Even the originally minor character, Sir Andrew Aguecheek, was played by Frank Woodley, of the comedy team Lano and Woodley, and the director gave him plenty of hysterical business to perform. 

Malvolio and Sir Toby Belch are plum roles for veterans and I was very pleased to see that old hand Richard Piper playing Sir Toby.

 Sir Toby is basically the embarrassing old uncle who gets drunk at the family barbecue and gropes the female guests, and who is - let’s face it - a parasite, both on his niece and his friend Andrew, but he does have that wonderful line, “Dost thou think, because thou art virtuous, there shall be no more cakes and ale?” which is a great comeback to the wet blankets of this world. 

And Richard Piper played it very well indeed! 

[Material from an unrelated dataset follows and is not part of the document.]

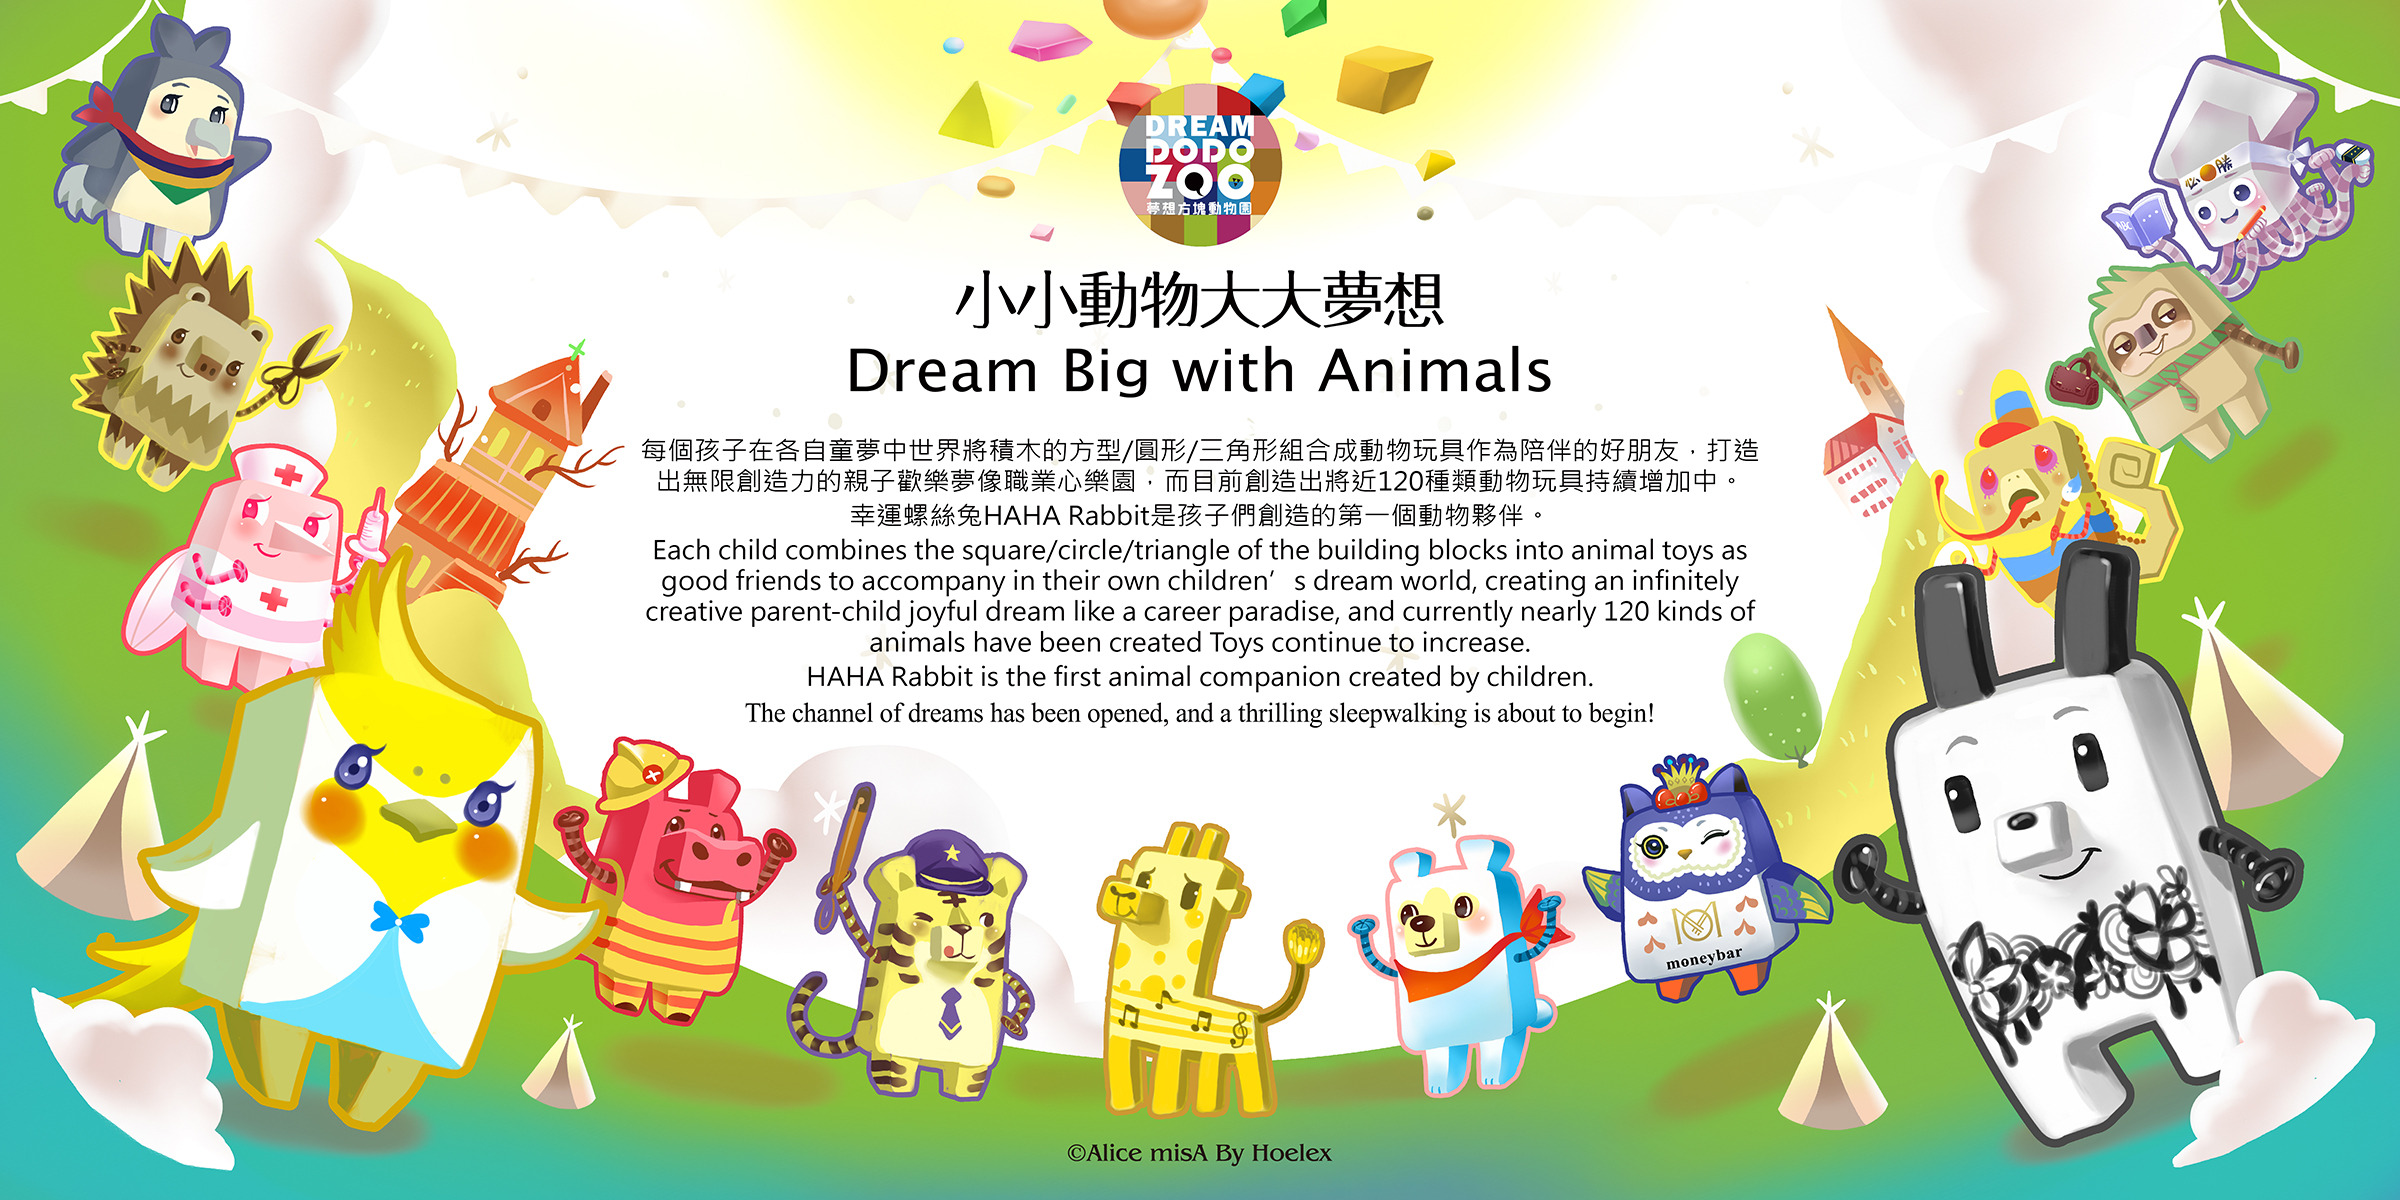 Dream DODO ZOO夢想方塊動物園-作者牆(2400x1200圖片一張)圖片一張).jpg
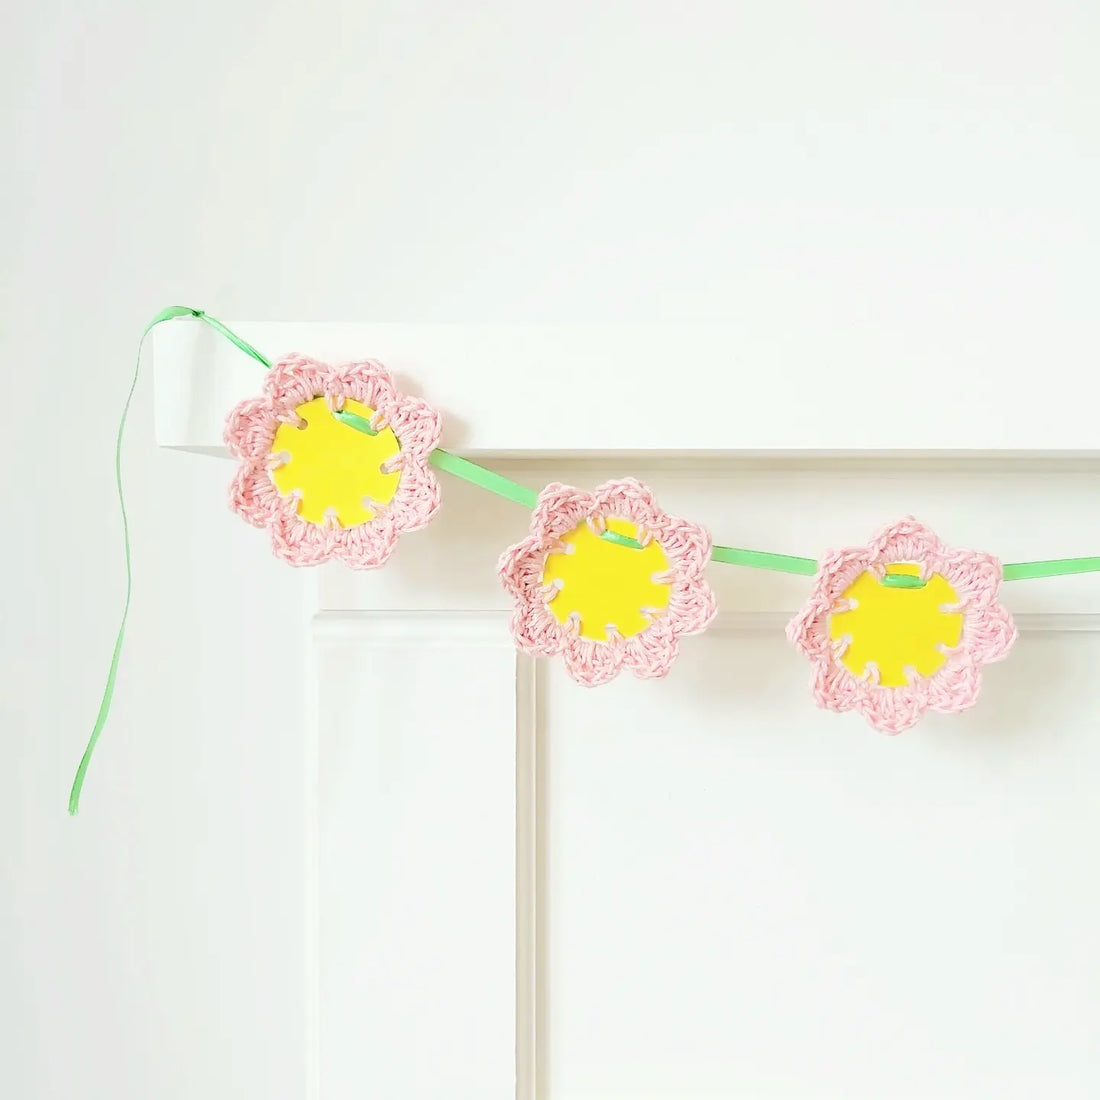 Crochet + Paper Flowers

Anyway, a wonderful afternoon in the theatre, and if you live in Melbourne it’s on till about January 9. If you  don’t, and haven’t read or seen the play, please do! 


Cathy Kennedy said...


I haven't been a to a play outside of a school auditorium. I remember when acting companies would travel around rural communities in West Virginia. It was a special treat for us to see budding actors/actresses entertain my very impressionable mind. I have no clue if any of these people went on to make it big in showbiz but it certainly was a lot of fun to watch. Sounds like you and your sister enjoyed a good performance. Have a very Merry Christmas!

Sue Bursztynski said...

Thanks, Cashy! I am lucky, having always lived in the big city. When I was in my teens I used to go to the Australian ballet youth nights, where all the lead dancers were recently promoted out of the corps de ballet. Then they would be promoted again and we didn’t see them any more on those nights - many of them DID go on to become stars! Nothing wrong with amateur drama, either. There are some very good amateur companies and many professional actors perform in them in between paid gigs. I once saw a performance of A Funny Thing Happened On The Way To The Forum that was better than the professional one I had seen, and the guy playing Jud Fry in an amateur Oklahoma! I saw was on his way to the professional stage(he was about to be an understudy in a tour of Porgy And Bess).

Brian Joseph said...

I love Twelfth Night. I have seen it several times live myself and I do not think that I have seen a bad production. I like the way that you ran through the characters. You mentioned some things that I never realized and that I will watch out for when I read it or see it again.

Sue Bursztynski said...

Glad I was able to mention some things you hadn’t thought of, Brian! A delightful play! I bet you haven’t seen it in a different language, though. I once saw it in Hebrew, in the Habimah theatre in Tel Aviv. Before the show, I got a cuppa and sat outside in Tel Aviv’s Main Street, Duzengoff, to refresh my memory of the play. A passing Israeli, who must have known some English, saw me and stopped to chat about it in Hebrew. It was in modern dress, as I recall, and Feste did a one man band thing. Olivia was playing tennis in her first scene, wearing a black tennis drss(mourning).